The exclusion of interest on sums paid into court only applies when such sums are available to the parties in interest. Bishop v. United States, 288 F.2d 525, 528 (5th Cir.1961); United States v. 15.03 Acres of Land, 253 F.2d 698, 699 (2d Cir.1958). The inadequate notice in the present case prevented Jaeckle from taking any action to withdraw his portion of the deposit, $260, from the court until 1967. Fisher is thus entitled to interest on the $260 from December 1, 1947, until the date in 1967 when Jaeckle learned of the taking. Thereafter, Jaeckle could have withdrawn the $260; hence Fisher may not receive interest on that sum after 1967. Fisher may also receive interest on any additional amount which the land is found to be worth on remand, such interest to accrue from December 1, 1947 to the date of actual payment pursuant to final judgment.

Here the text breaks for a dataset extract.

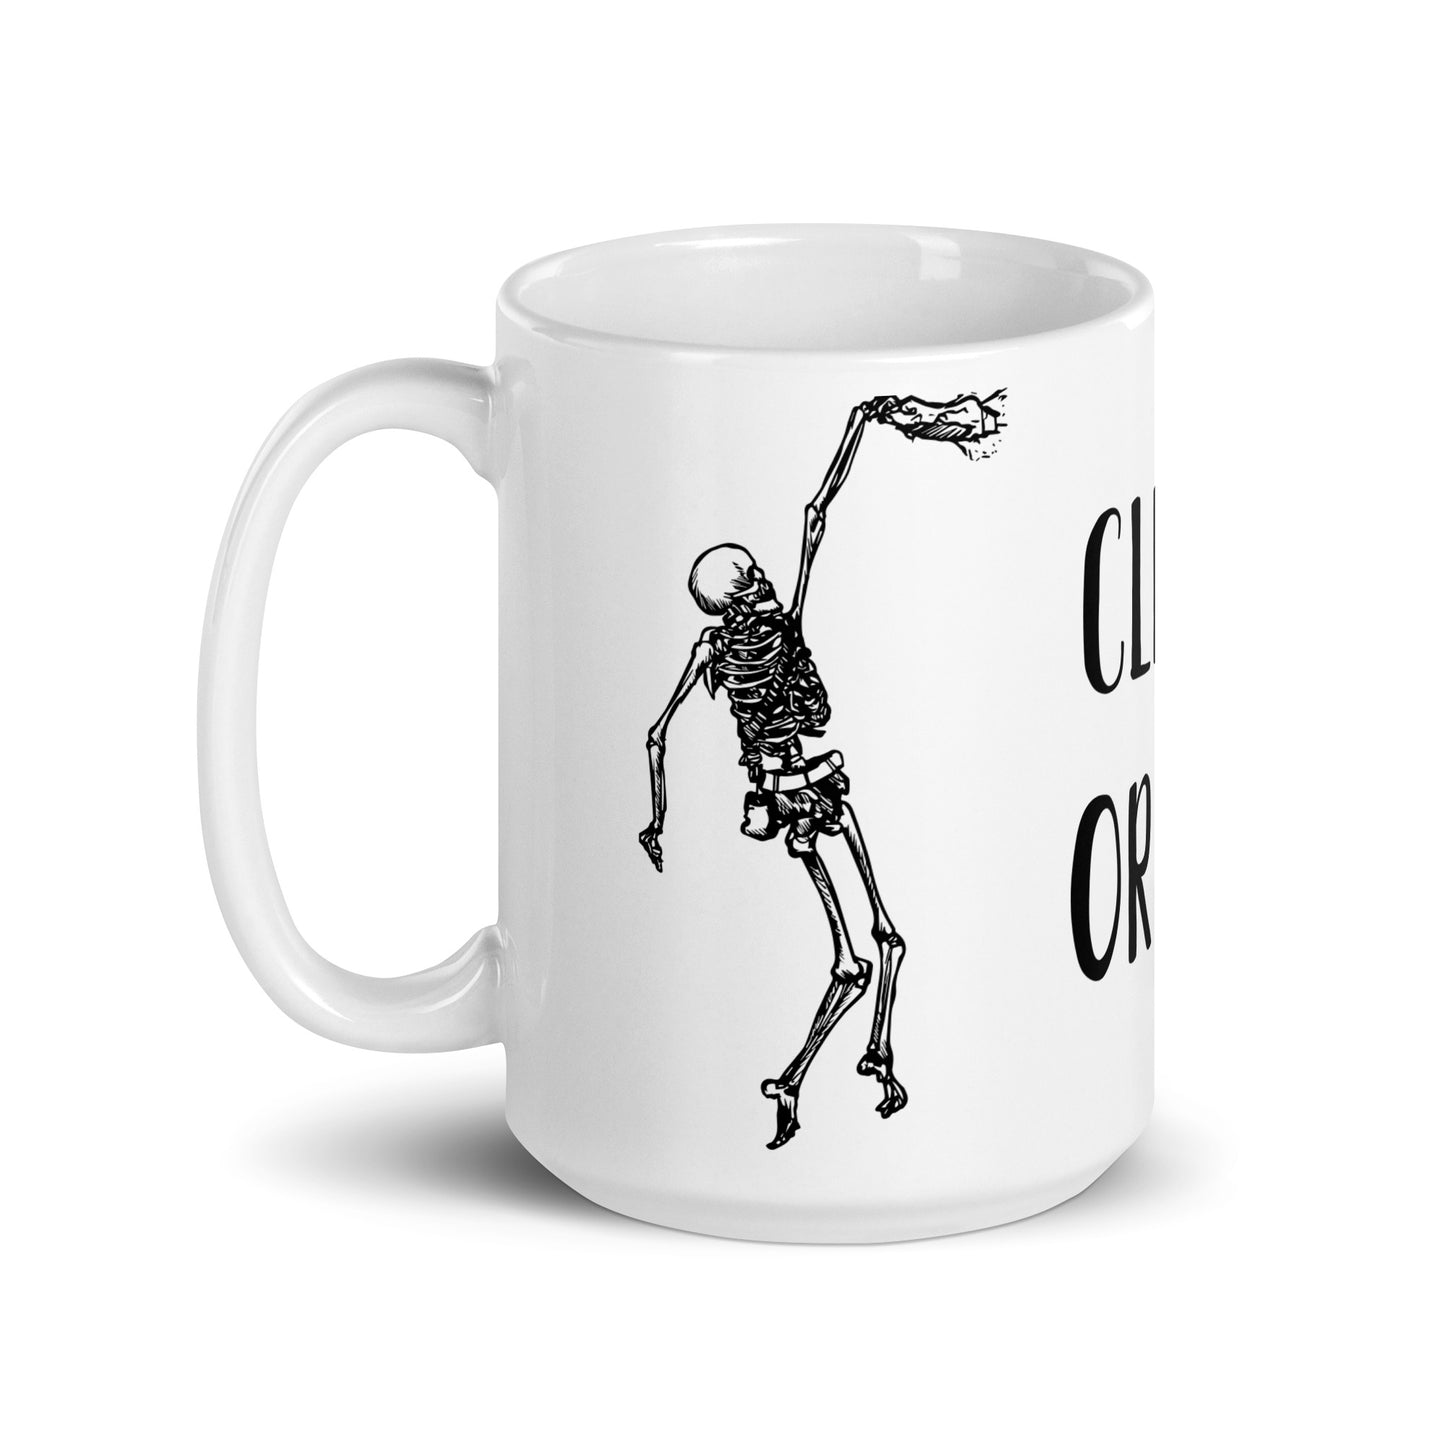 BellavanceInk: Coffee Mug With Pen & Ink Drawing Of A Skeleton Free Rock Climbing

An issue may also arise as to the rate of interest. In Seaboard Air Line Railroad Co. v. United States, 261 U.S. 299, 43 S.Ct. 354, 67 L.Ed. 664 (1923), the Supreme Court held that an award of seven percent interest on a condemnation award was appropriate despite the absence of an interest provision in the relevant statute. “[N]o specific command to include interest is necessary when interest or its equivalent is a part of such compensation.” Id. at 306, 43 S.Ct. at 356. It has been held elsewhere that the six percent interest provided for in the Declaration of Taking Act cannot under the fifth amendment constitute a ceiling, although it constitutes a floor, on the interest recoverable on condemnation awards. United States v. Blankinship, 543 F.2d 1272 (9th Cir.1976); United States v. 319.46 Acres of Land, 508 F.Supp. 288 (W.D. Okla.1981). Upon remand the district court should determine a rate of interest “as will produce the full equivalent of [fair market] value paid contemporaneously with the taking.” Seaboard, 261 U.S. at 306, 43 S.Ct. at 356. Such rate may take into account the prevailing rates on long term Treasury Notes at various times and may exceed the six percent statutory rate. Blankinship, 543 F.2d at 1276.

Accordingly we reverse and remand to the district court for further proceedings consistent with this opinion.

. While the marshal's affidavit alleges attempted but unsuccessful personal service, there is no evidence of what actual efforts the marshal made to locate Jaeckle. Given Jaeckle’s close ties with the small island community, the marshal’s efforts could scarcely have been more than perfunctory. In any event, the marshal’s negative return is insufficient evidence that “a reliable means of acquainting parties that their rights are before the courts” was adopted. See Mullane v. Central Hanover Trust Co., 339 U.S. at 315, 70 S.Ct. at 658.

. Similarly Fisher’s contention that the lack of notice violated Jaeckle’s liberty interest in being free from arbitrary governmental action, thus mandating return of the land, is without merit.

. This is not to say that Fisher is foreclosed from attempting to prove that the government's taking was for an improper purpose at the forthcoming valuation proceeding, infra, provided she can adduce evidence placing these matters in a new and different light.

. Fisher alleges that the 26 acres are now worth over $300,000.